Prompt: Once "Σχέδιο μιας γειτονιάς" turns up in a line below, reproduce that line and those after it exactly, stopping after the line with "Fotografía de archivo"; leave pictures out.

Records:
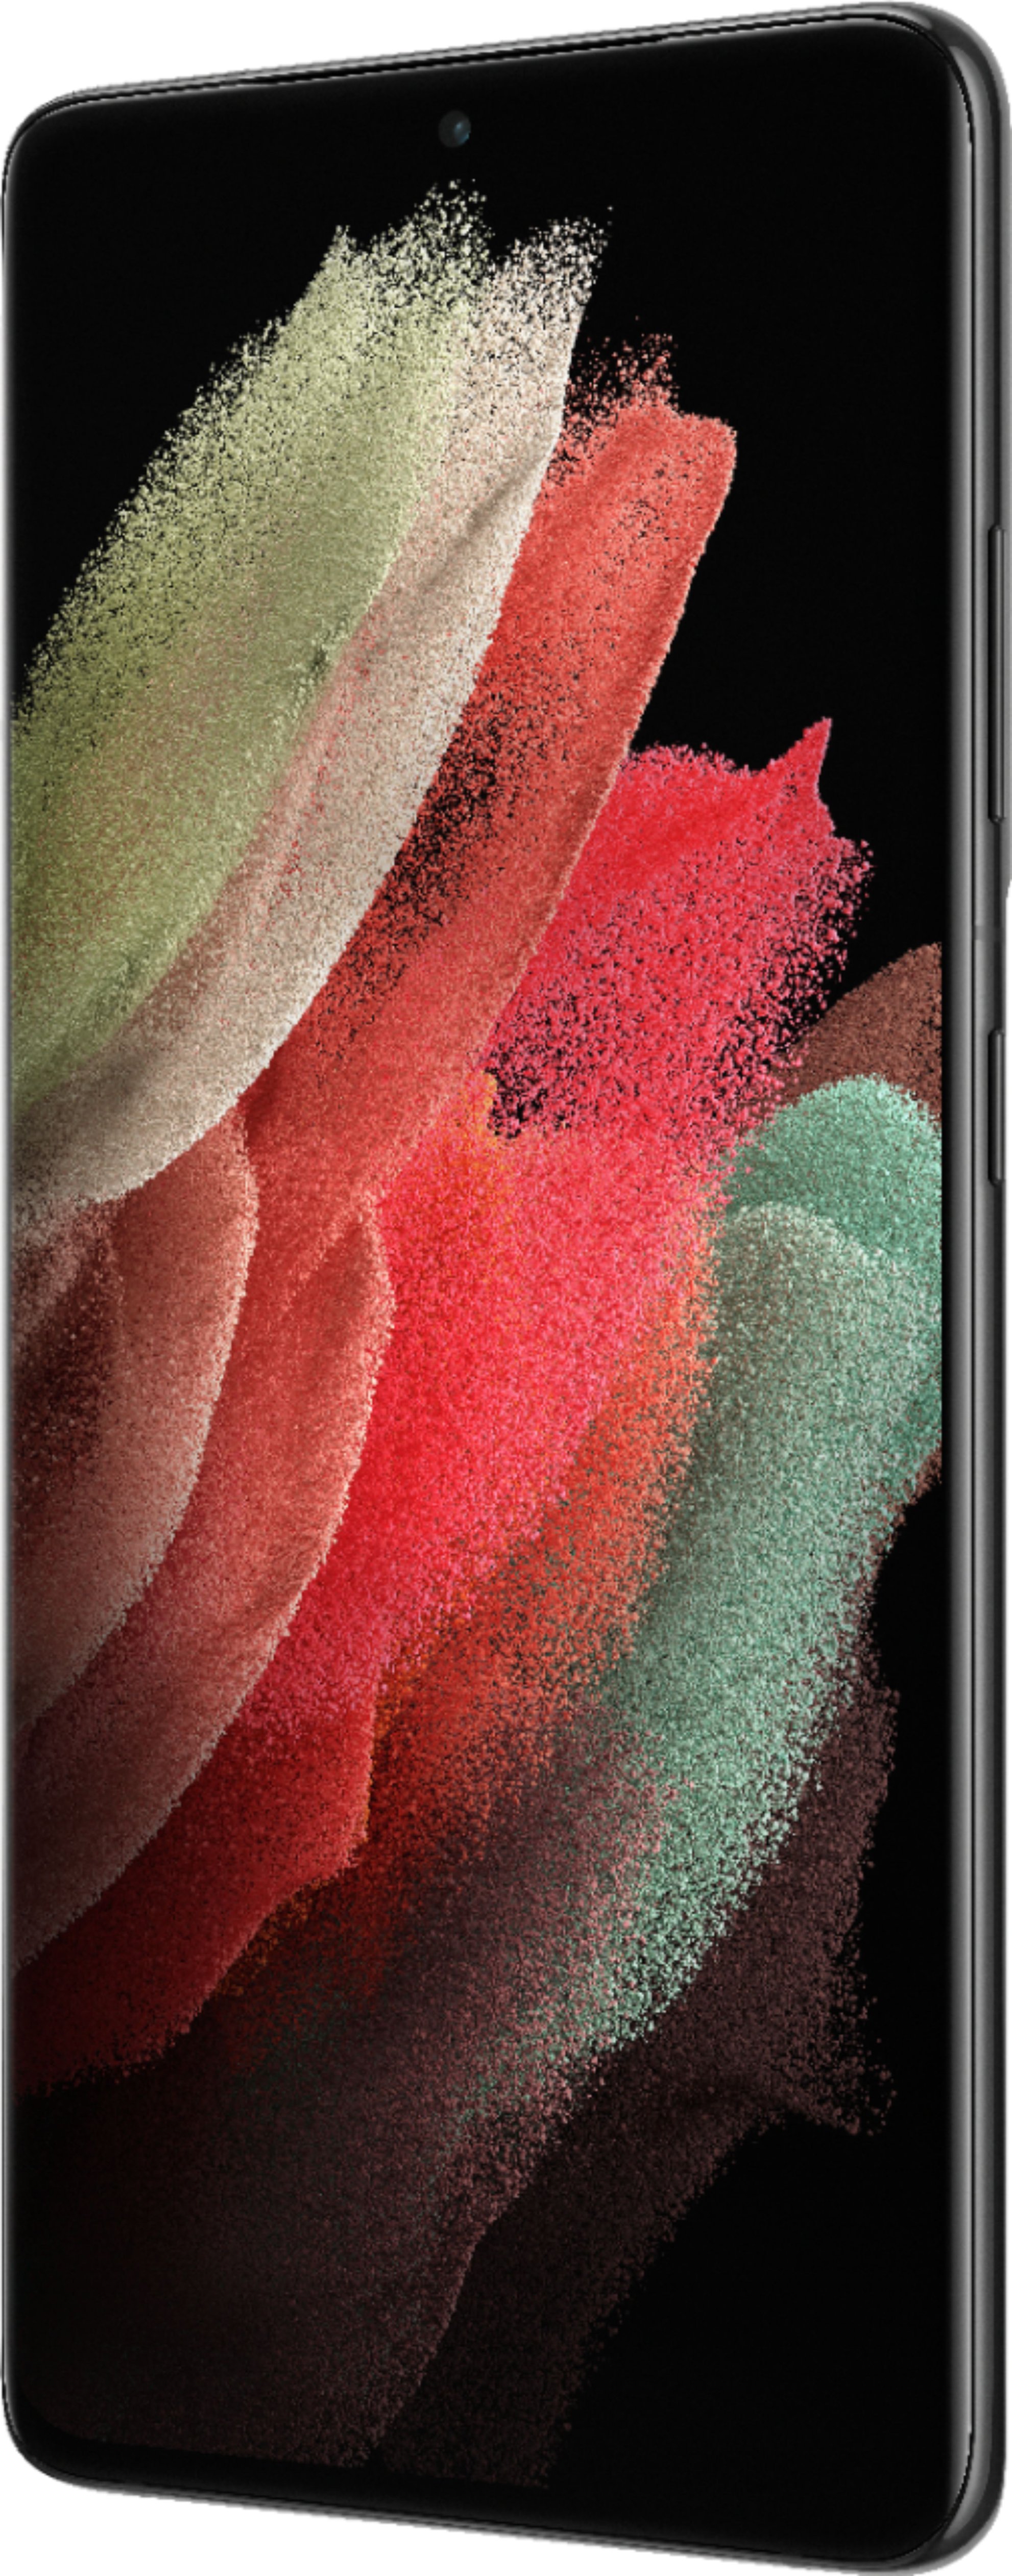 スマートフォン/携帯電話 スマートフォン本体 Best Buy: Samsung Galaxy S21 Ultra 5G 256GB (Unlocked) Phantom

...

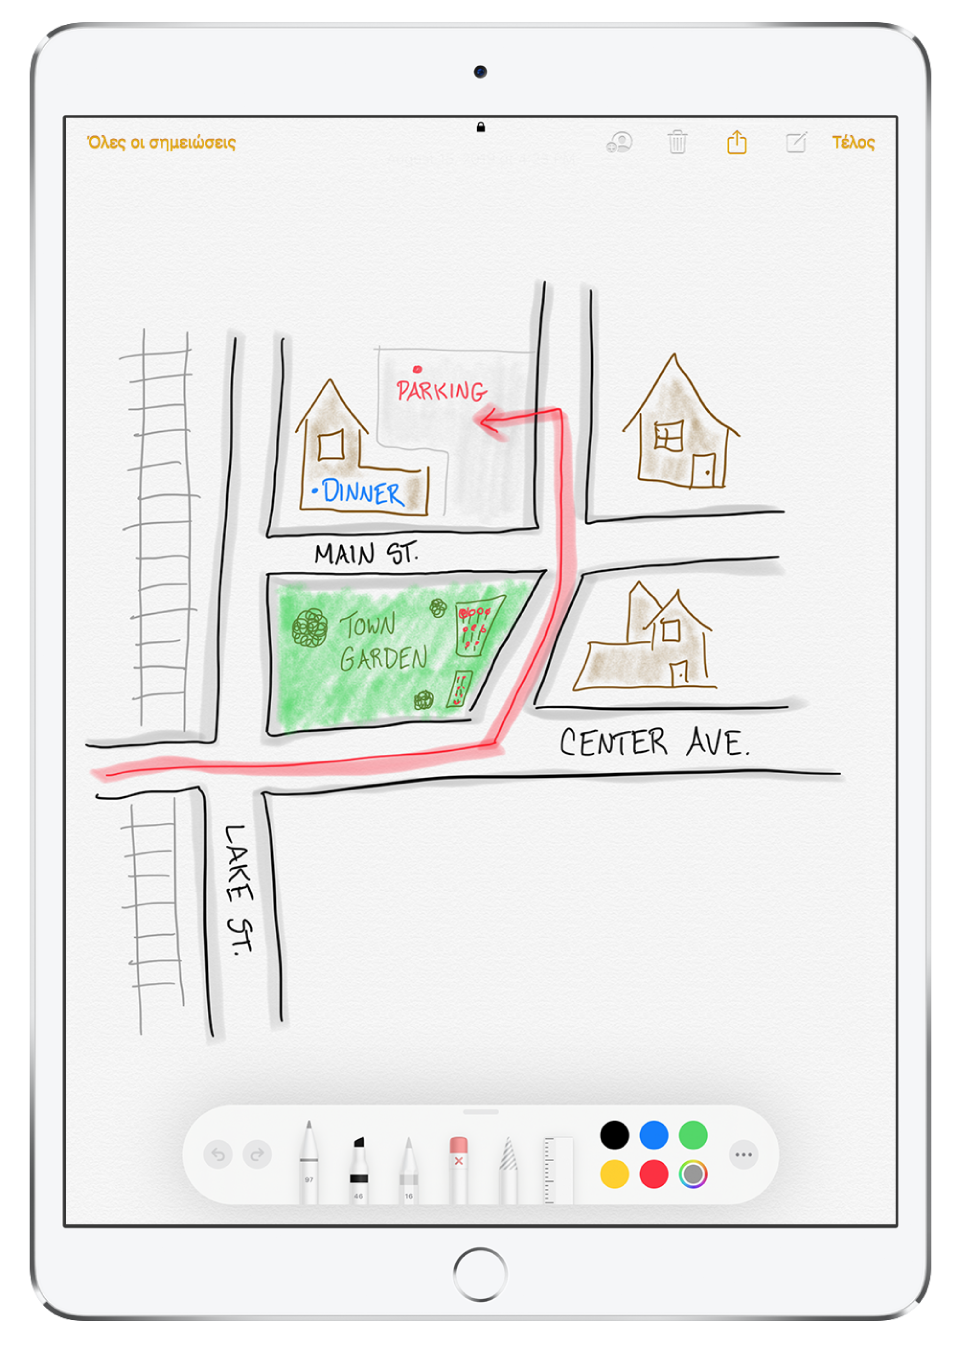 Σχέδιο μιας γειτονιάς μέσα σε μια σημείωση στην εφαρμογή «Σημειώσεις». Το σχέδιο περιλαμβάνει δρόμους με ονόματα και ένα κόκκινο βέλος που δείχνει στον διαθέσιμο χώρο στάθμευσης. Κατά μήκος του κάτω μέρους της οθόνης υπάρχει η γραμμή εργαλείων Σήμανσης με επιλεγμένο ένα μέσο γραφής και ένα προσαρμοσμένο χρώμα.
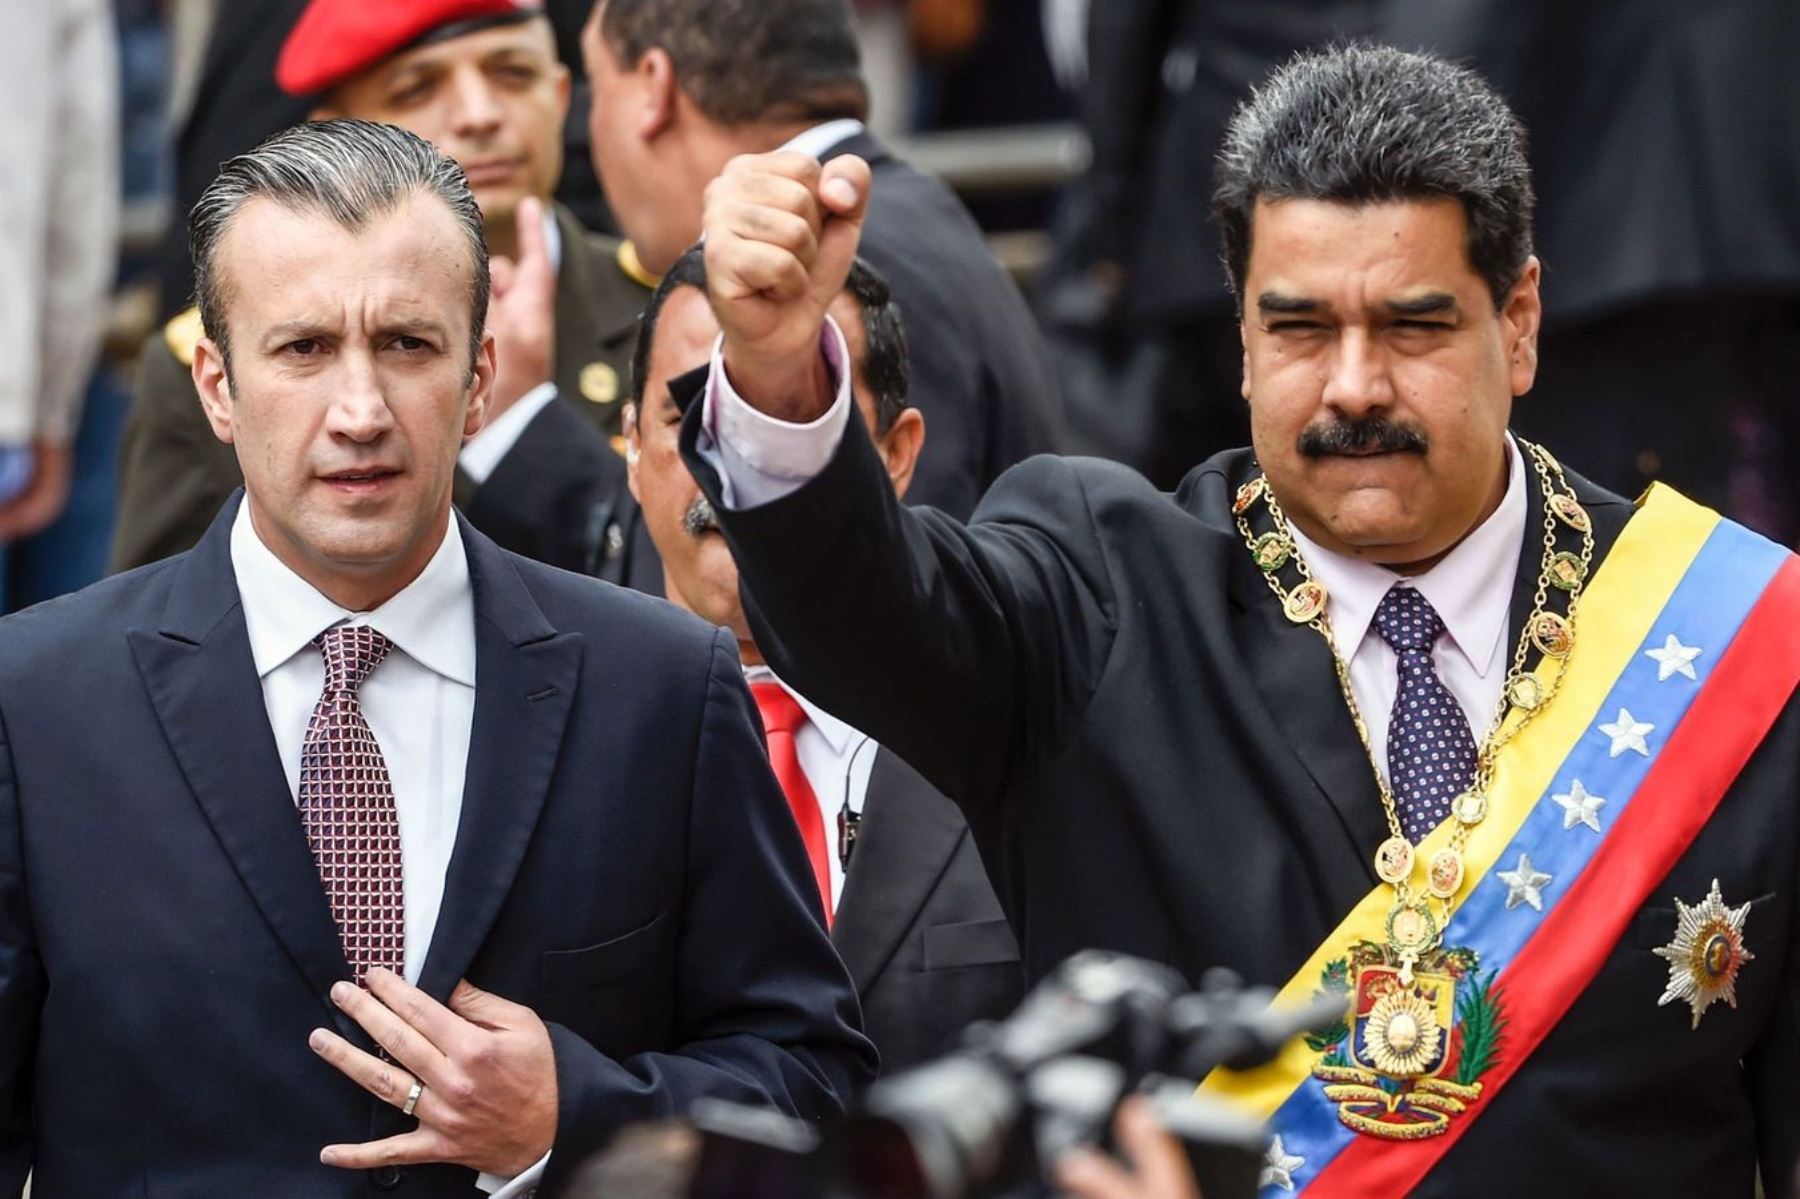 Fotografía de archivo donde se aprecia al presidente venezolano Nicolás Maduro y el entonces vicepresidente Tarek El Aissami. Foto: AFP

--

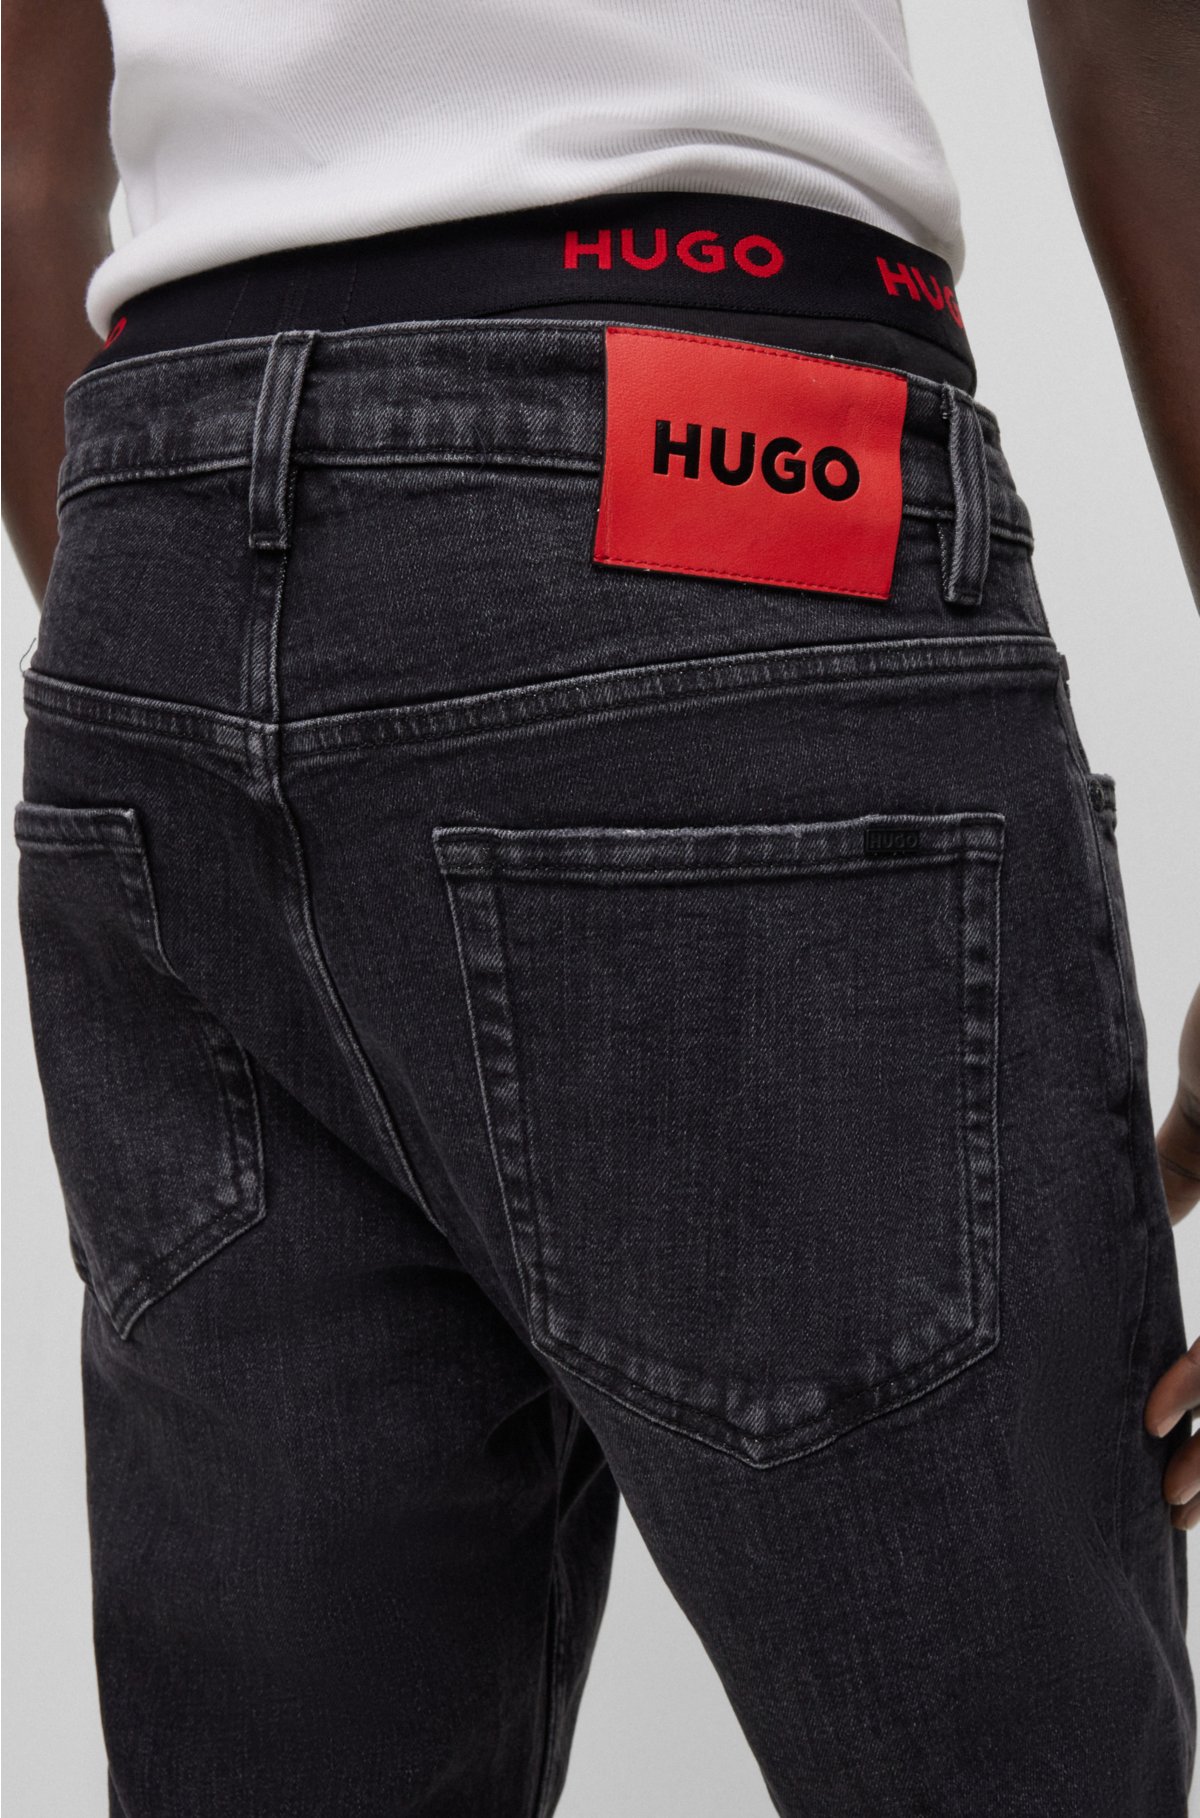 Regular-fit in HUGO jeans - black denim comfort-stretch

Solution to this exercise:
 Σχέδιο μιας γειτονιάς μέσα σε μια σημείωση στην εφαρμογή «Σημειώσεις». Το σχέδιο περιλαμβάνει δρόμους με ονόματα και ένα κόκκινο βέλος που δείχνει στον διαθέσιμο χώρο στάθμευσης. Κατά μήκος του κάτω μέρους της οθόνης υπάρχει η γραμμή εργαλείων Σήμανσης με επιλεγμένο ένα μέσο γραφής και ένα προσαρμοσμένο χρώμα.
 Fotografía de archivo donde se aprecia al presidente venezolano Nicolás Maduro y el entonces vicepresidente Tarek El Aissami. Foto: AFP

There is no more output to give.